Tender pockets of dough are stuffed with a mix of hearty mashed potatoes and sweet caramelized onions, then pan-fried until golden to make these comforting vegan pierogies. 😉
For the Dough
- 3 cups all-purpose flour
- 1/2 teaspoon salt
- 1 cup water
- 1/4 cup vegan butter, melted
For the Filling
- 1 tablespoon olive oil
- 1 pound yellow onions, diced (about 2 medium)
- 1 large (about 1 pound) russet potato, peeled and diced
- 1/4 cup unflavored soy or almond milk
- 2 tablespoons nutritional yeast flakes
- 1 teaspoon white wine vinegar
- 1 garlic clove, minced
- 3/4 teaspoon salt, plus more to taste
- 2-3 tablespoons vegan butter
To make the dough, stir the flour and salt together in a medium mixing bowl. Stir in the water and butter to form a dough. Transfer the dough to a lightly floured surface and knead for about 6 minutes, until smooth and elastic. Transfer the dough to a lightly oiled bowl and cover. Allow it to rest for 1 hour.
- While the dough rests, caramelize the onions. Place the onions and oil into a medium skillet and stir a few times to coat the onions with oil. Set the skillet over medium-low heat. Allow to cook, stirring occasionally, until the onions become very soft and light brown, about 45 minutes.
While the dough rests and the onions caramelize, place the potato into a medium pot and cover with water. Place the pot over high heat and bring the water to a boil. Allow to cook until the potato is fork tender, about 15 minutes. Don’t overcook it.
Drain the potato into a colander and return it to the pot. Mash the potatoes with a potato masher and stir in the milk, nutritional yeast flakes, white wine vinegar, garlic and salt. When the onions are finished cooking, stir them into the potato mixture.
When the dough has sat for 1 hour, split it into 2 halves. Transfer one of halves to a lightly floured surface and roll to a square of about 14 x 14 inches. Cut 3-inch circles using a drinking glass or pastry cutter. Reroll the dough as needed, and repeat with the other half. You should get about 24 circles.
Place about 1 tablespoon of the potato mixture onto each dough round, then fold in half and seal tightly to form a pierogie. Apply a bit of water if you have trouble sealing the dough.
Bring a large pot of water to a boil and add the pierogies (work in batches if it gets too crowded). Cook the pierogies for 3-4 minutes, until they float, removing each one with a slotted spoon and transferring to a plate as it begins to float.
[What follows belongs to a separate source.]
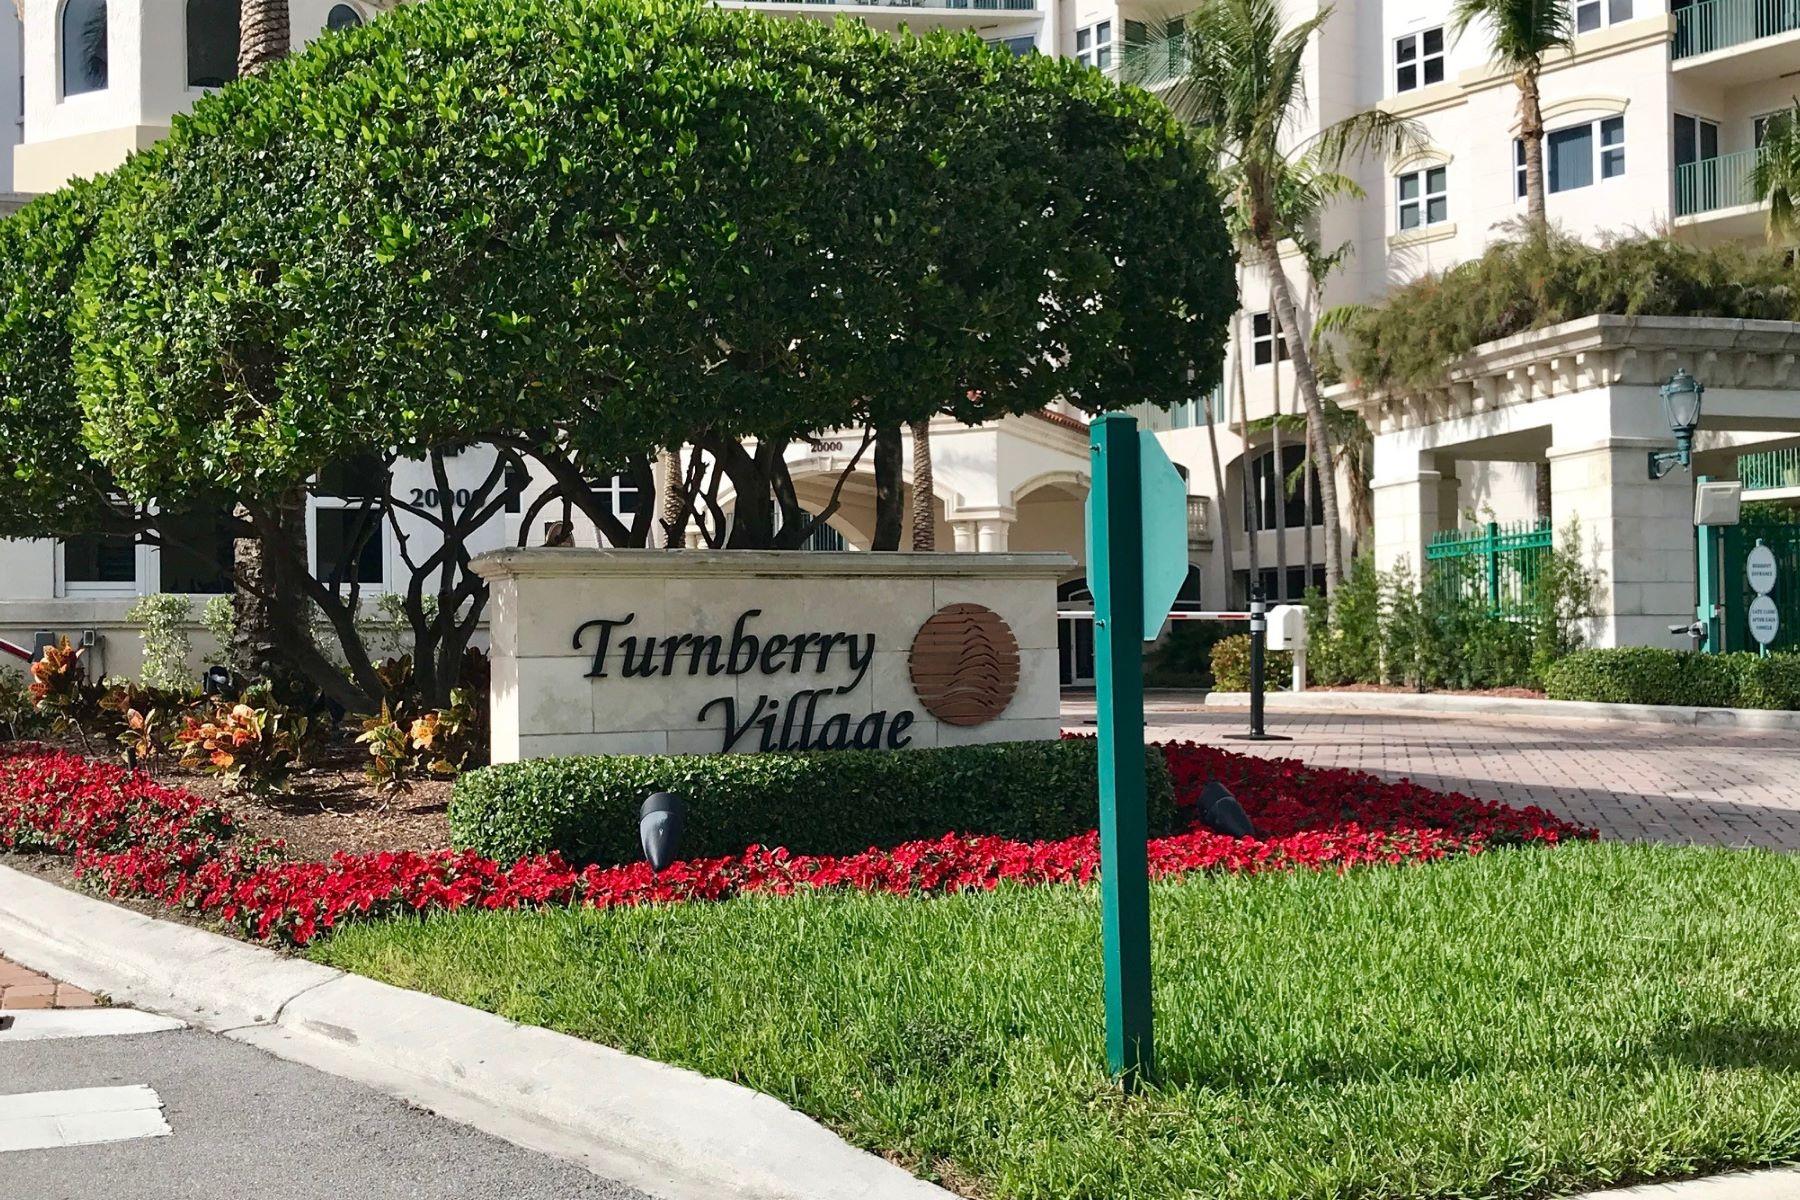 شقة بعمارة للـ Rent في 20000 E Country Club Dr #316 20000 E Country Club Dr 316, Aventura, Florida, 33180 United States

To fry the pierogies, melt the butter in a large skillet, then add as many pierogies as will fit without crowding. Cook for about 4 minutes on each side, until golden and crisp. Transfer the pierogies to a paper towel-lined plate. Add butter to the skillet between batches as needed.
Serve with sauerkraut, dill, chives, applesauce, and/or vegan yogurt or cashew cream.